This is a film that is neatly bisected into two parts: the present and the past. I have to say that at first I was not into the second half. After the interesting dynamic between Pilar, Santa, and Aurora, the sequences of Aurora's life in Africa (done entirely in narrated sequences) didn't really grip me. But as the film went on, the story sucked me in and I ended up seeing both parts as equally interesting.

The performances are good in both halves of the film, though they have very different demands. In the second half of the film, only the narrator (Miguel Gomes) speaks. The actress playing the younger Aurora (Ana Moreira) and the actor playing her lover (Carloto Cotta) must do their work through just expressions and a sounds of the natural world around them.

This is a very beautiful movie, both in the more "real" present sequences and in the vaguely more fantasized past sequences. It's a great example of contemporary black and white, and how that can add to the dreaminess of a narrative.
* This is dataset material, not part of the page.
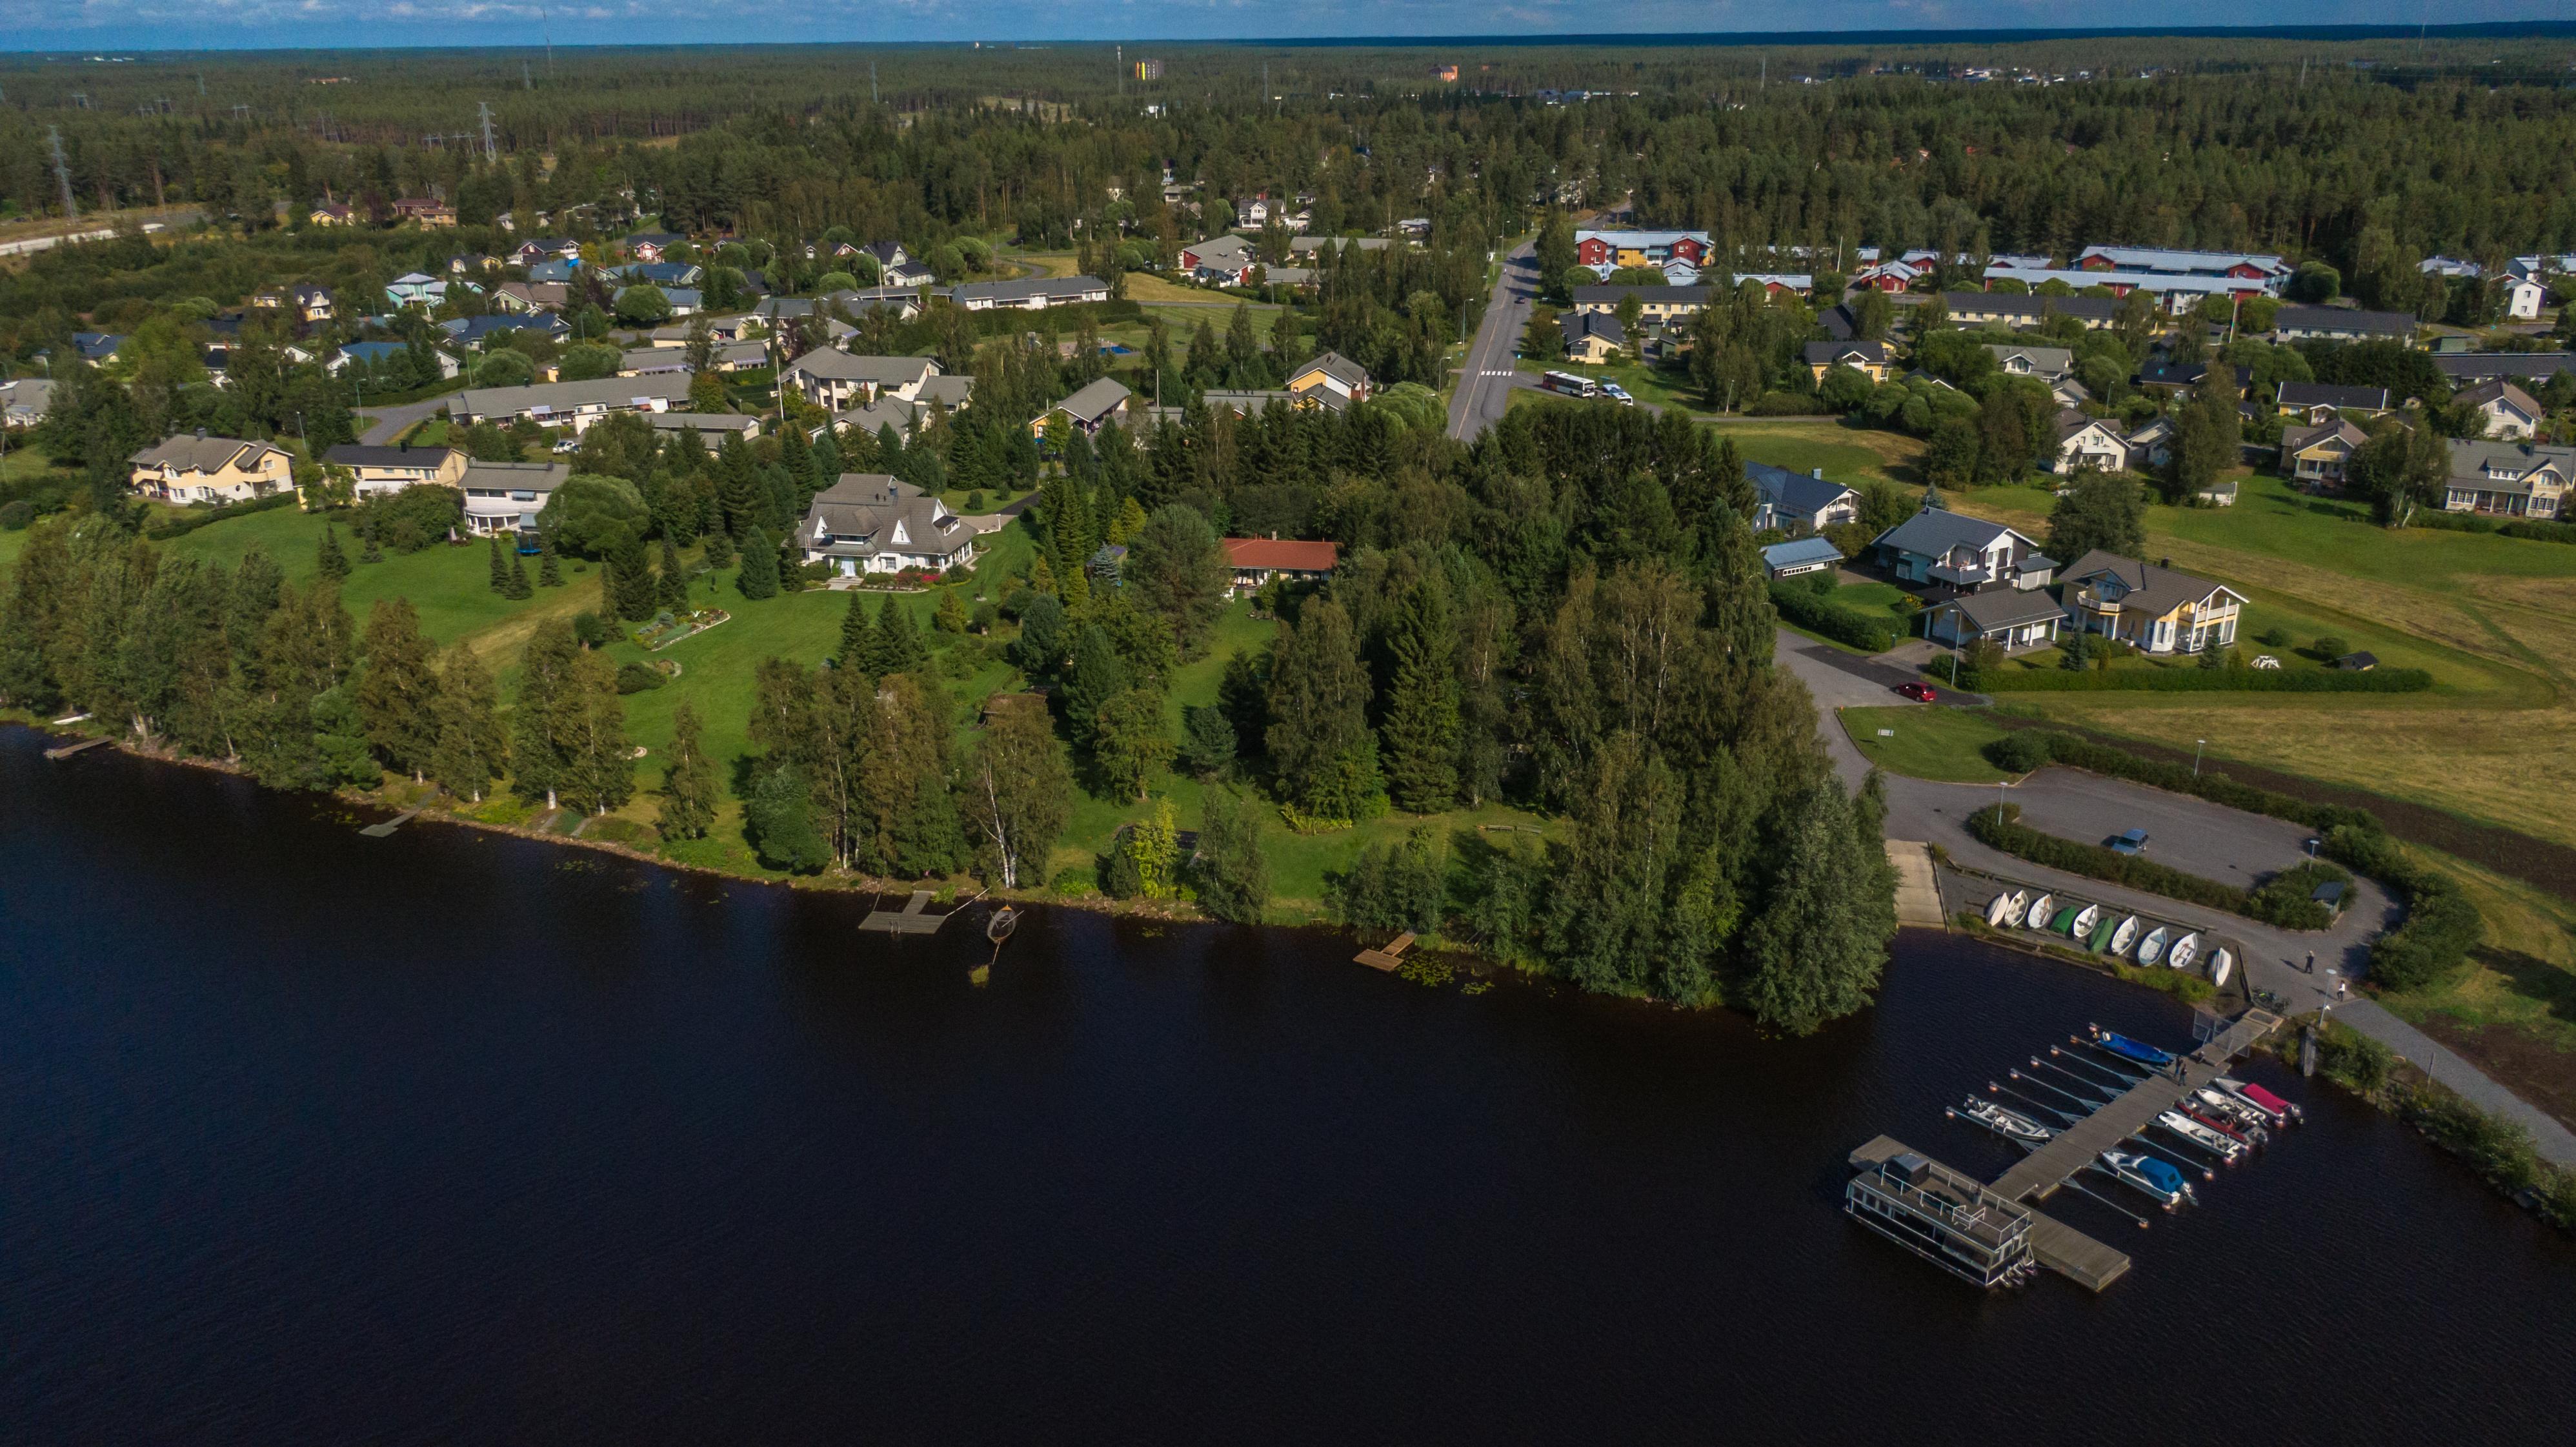 Ilmasta Oulun Saarelassa otettu kuva, jossa näkyy Oulujokea ja ranta-aluetta. Oikeassa alareunassa venelaituri. Monipuolista rakennuskantaa ja taustalla metsämaisemaa.
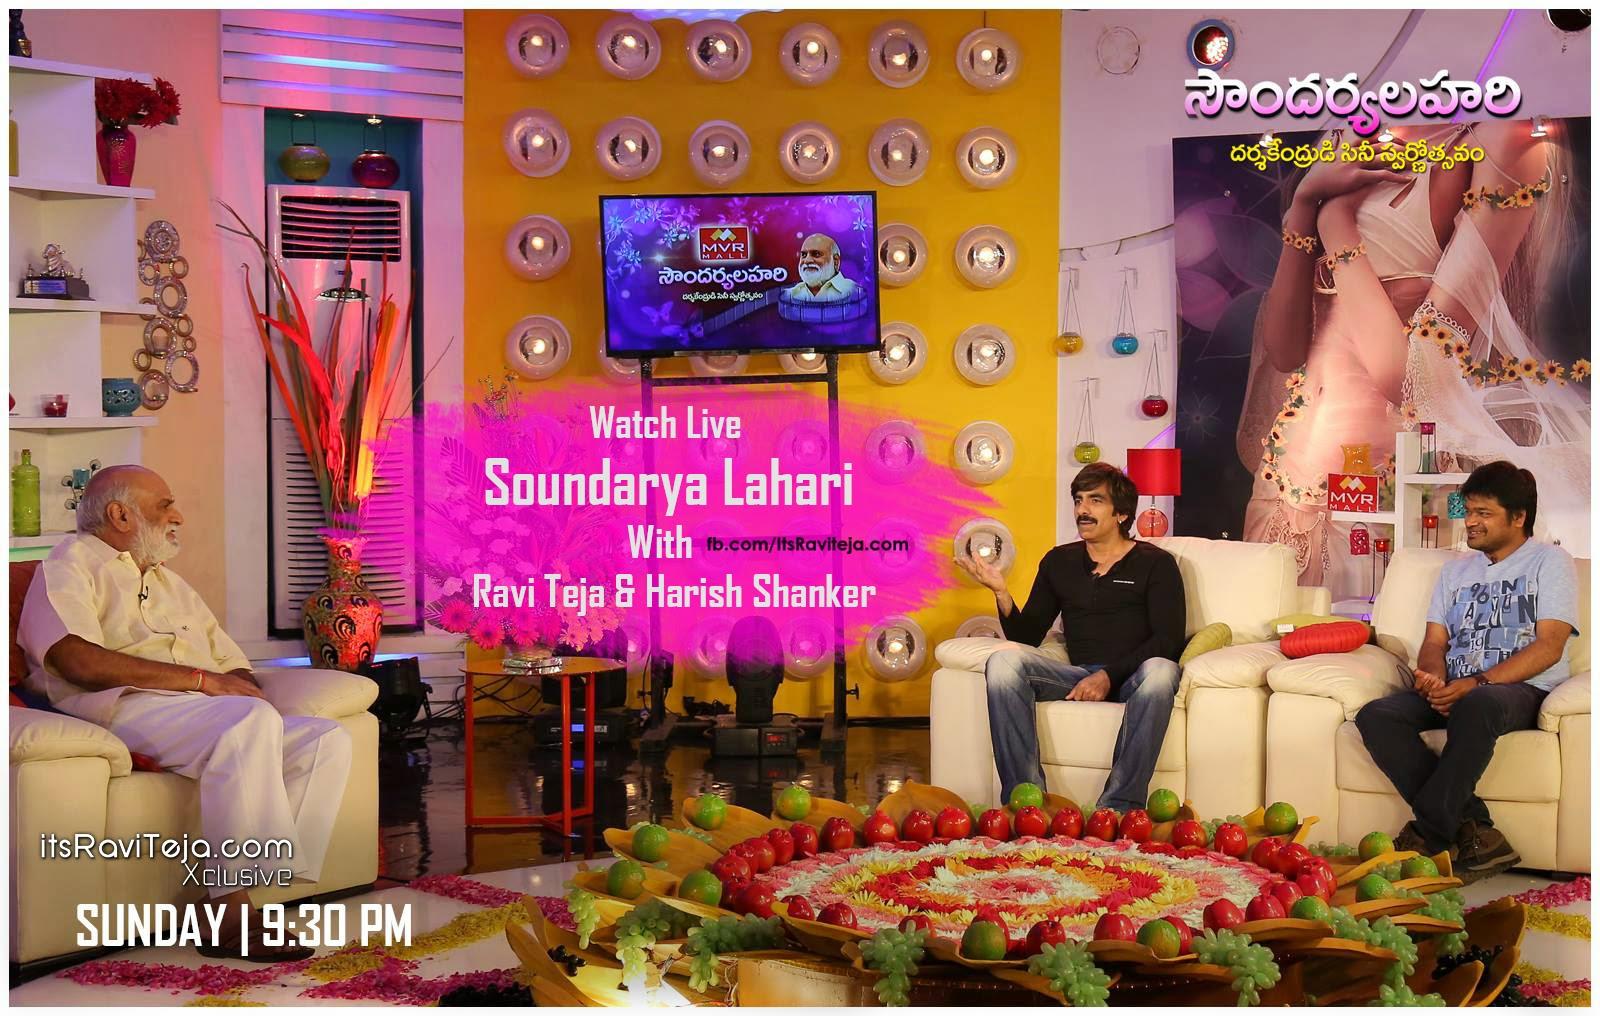 Watch Soundarya Lahari Live Ravi Teja Harish Shanker

When it comes to the past sequences, the film treads a little uncertainly around the role that Aurora's family plays as colonizers. It seems to want to acknowledge the damage and irreversible impact they have helped have on the local people, but also can't help a bit of romanticizing of Aurora striding around shooting the local wildlife. The impact of this is softened just a bit by the fact that what we see is filtered through the subjective point of view of one of the people from this past. Still, it's the only place where the film seems a bit unsure.

A solid drama and romance, and I'd easily recommend it.